HomeLab
What My Own DNS Traffic Taught Me About Log Analysis
Pi-hole has been running on my network since Project 1 of this sprint, quietly blocking ads and trackers in the background. But running infrastructure and reading what it collects are two different skills, and Project 4 was about building the second one.
Pi-hole does not store its history as a plain text log file. It uses a real SQLite database, sitting at /etc/pihole/pihole-FTL.db on my Raspberry Pi 5. Opening it required installing the sqlite3 command line tool first, since Pi-hole’s own software uses SQLite internally but does not ship the interactive tool needed to browse it by hand.

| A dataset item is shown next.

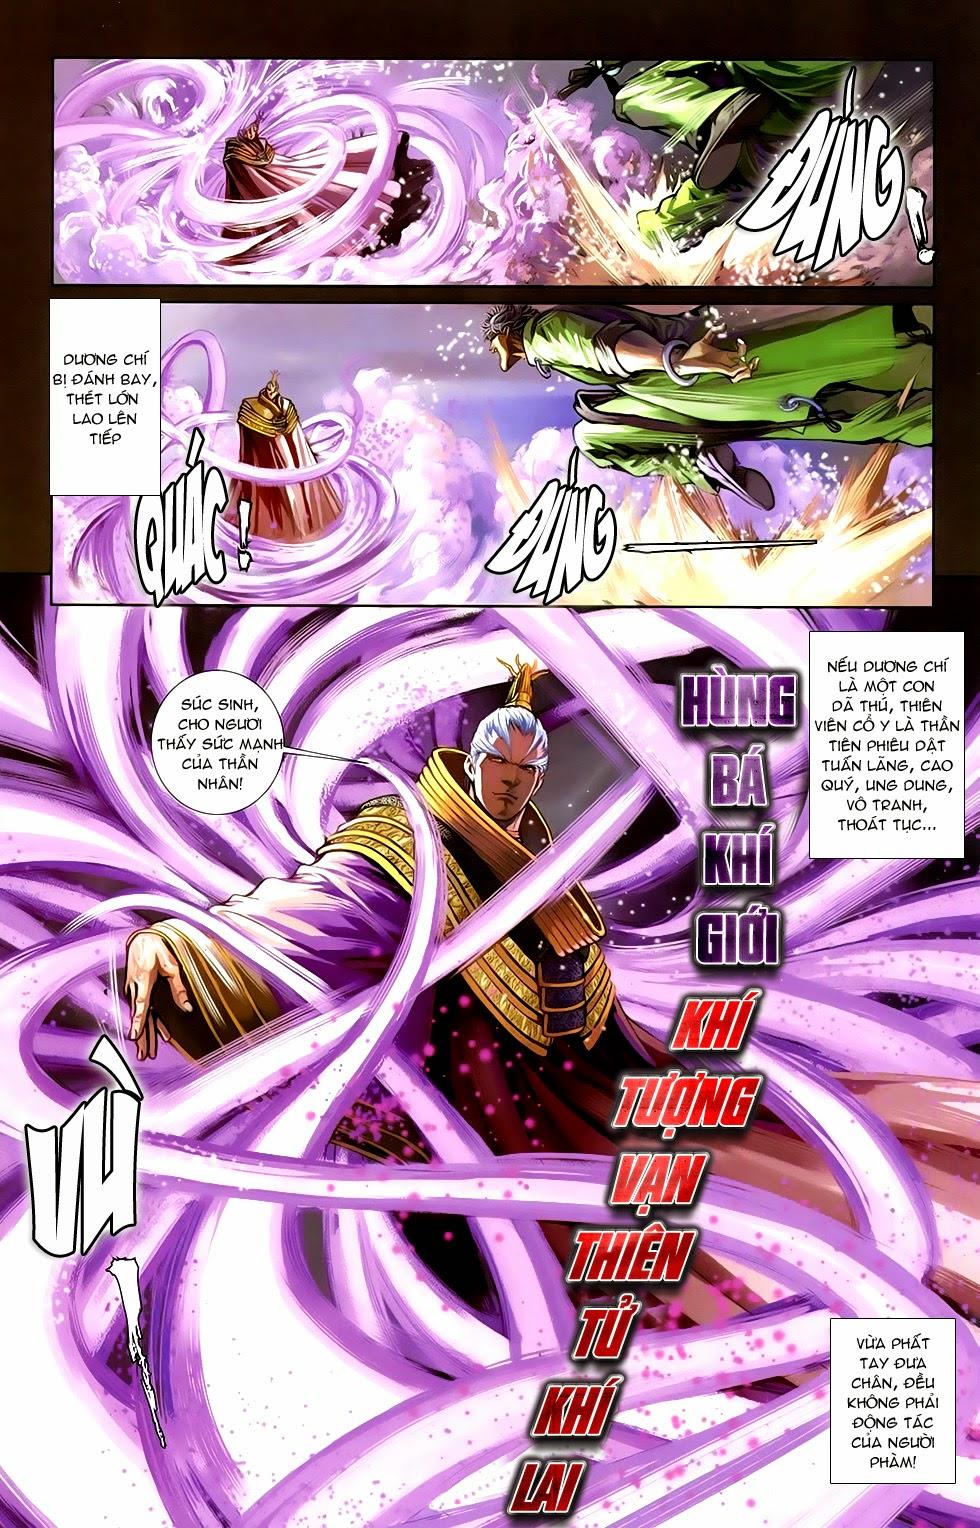 108 - Tân Thuỷ Hử  Chap 017 - Truyenmoi.xyz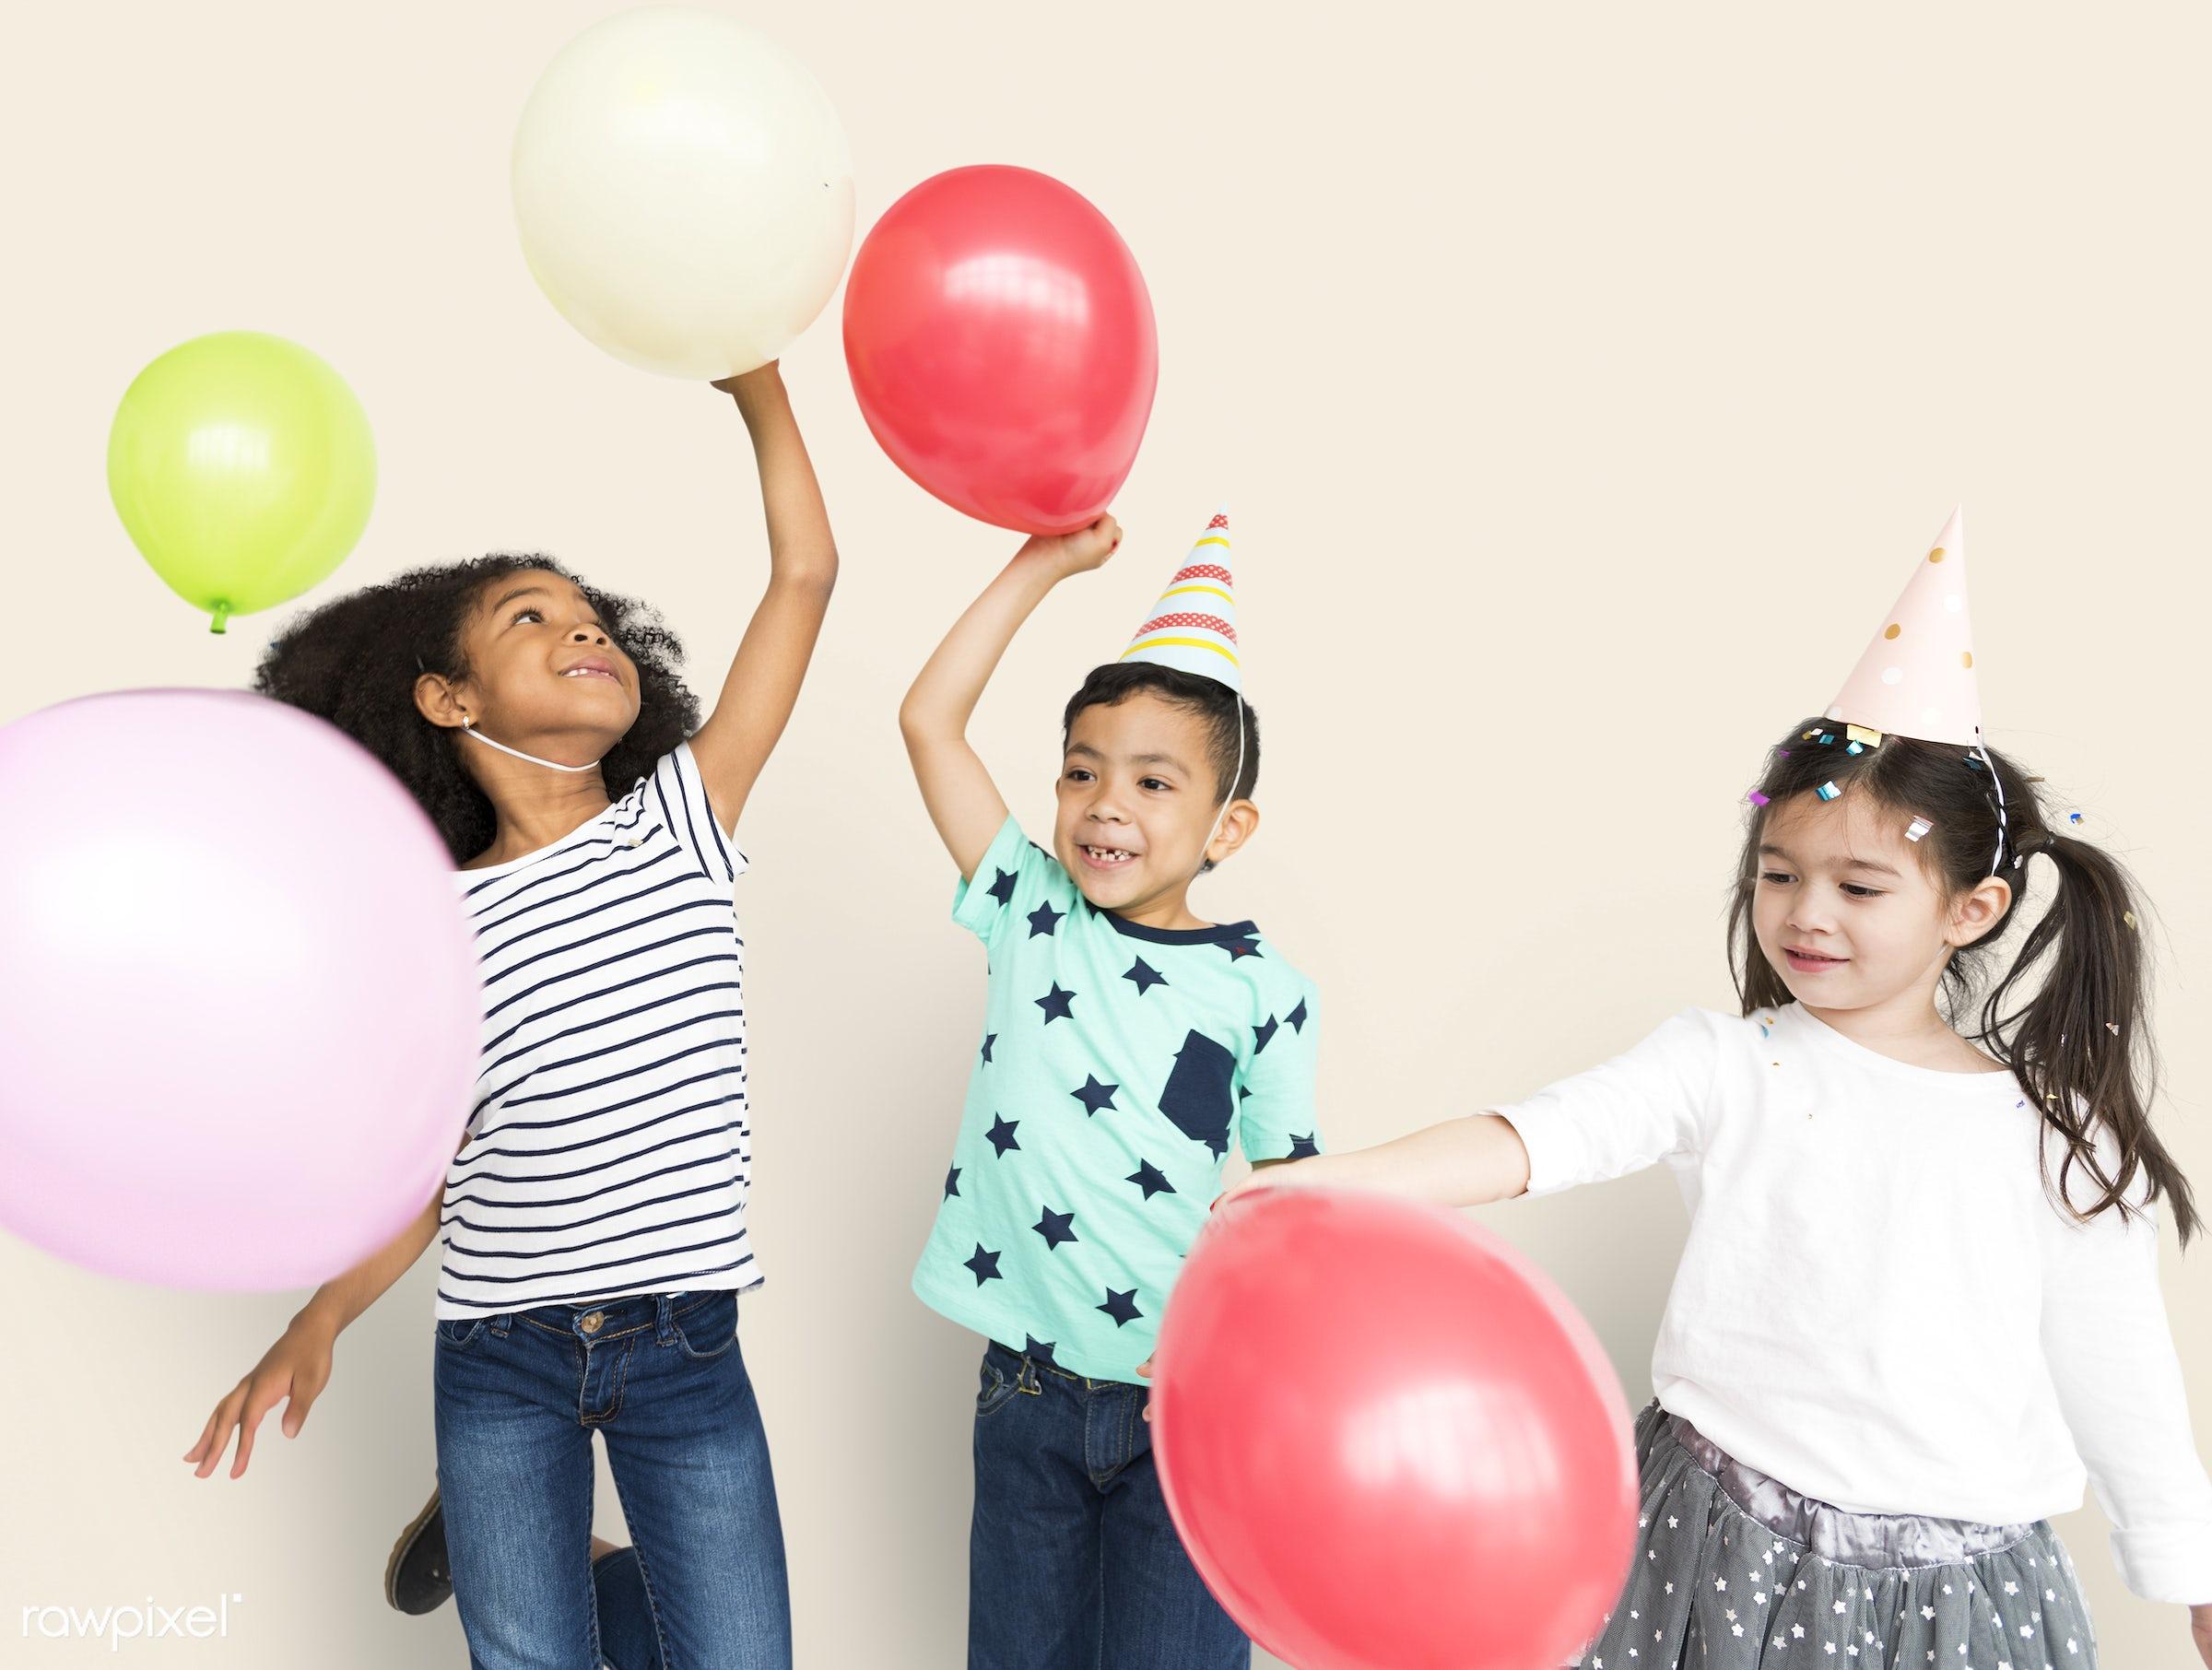 adorable, background, balloon, boy, casual, celebration, child, children, color, colorful, cute, decoration, diverse,...

Once inside, I found something interesting before I even ran a real query. The table I expected to query, called queries, is not actually a table. It is a view, a saved query that joins several smaller lookup tables together and hands back readable text instead of raw numeric IDs. Pi-hole stores domains and clients as numbers internally to save space, then reconstructs the readable version on the fly whenever you ask for it.
That is a real database design pattern, normalization, and seeing it built into software I already use made the concept click in a way reading about it never had.
The first real question I asked was simple: which domains is my network querying the most. The answer surprised me a little. The top spots were not websites I visit, they were background telemetry, three different Microsoft data collection domains alone accounting for over 437,000 queries. All three were already being caught and blocked by the blocklists I configured back in Project 1.
But one domain stood out for a different reason. HP’s own telemetry domain, initium.oc.hp.com, had over 10,000 queries logged, and when I checked the status code on each one, every single query was allowed through. Not one was blocked. I had actually flagged this exact same HP telemetry behavior back in Project 2, using Wireshark, and left it as a documented but unfixed finding at the time. Today, with the right tool, I went back and actually fixed it, adding the domain to Pi-hole’s denylist with a single command, then verifying the block was live using Pi-hole’s own query tool.
The last piece was breaking down blocked traffic by device instead of by domain. The result was lopsided: one machine, my HP desktop, accounted for about 89 percent of every blocked query on my network, nearly nine times more than the next closest device.
The technical skill here, group by a column, count the rows, sort, filter first if needed, is the same shape behind almost every log analysis question a SOC analyst or help desk tech will ever ask. The bigger lesson was less technical: a finding you leave open in one project does not have to stay open forever. Sometimes you just need a different angle, and a few more weeks of data, to close it out for real.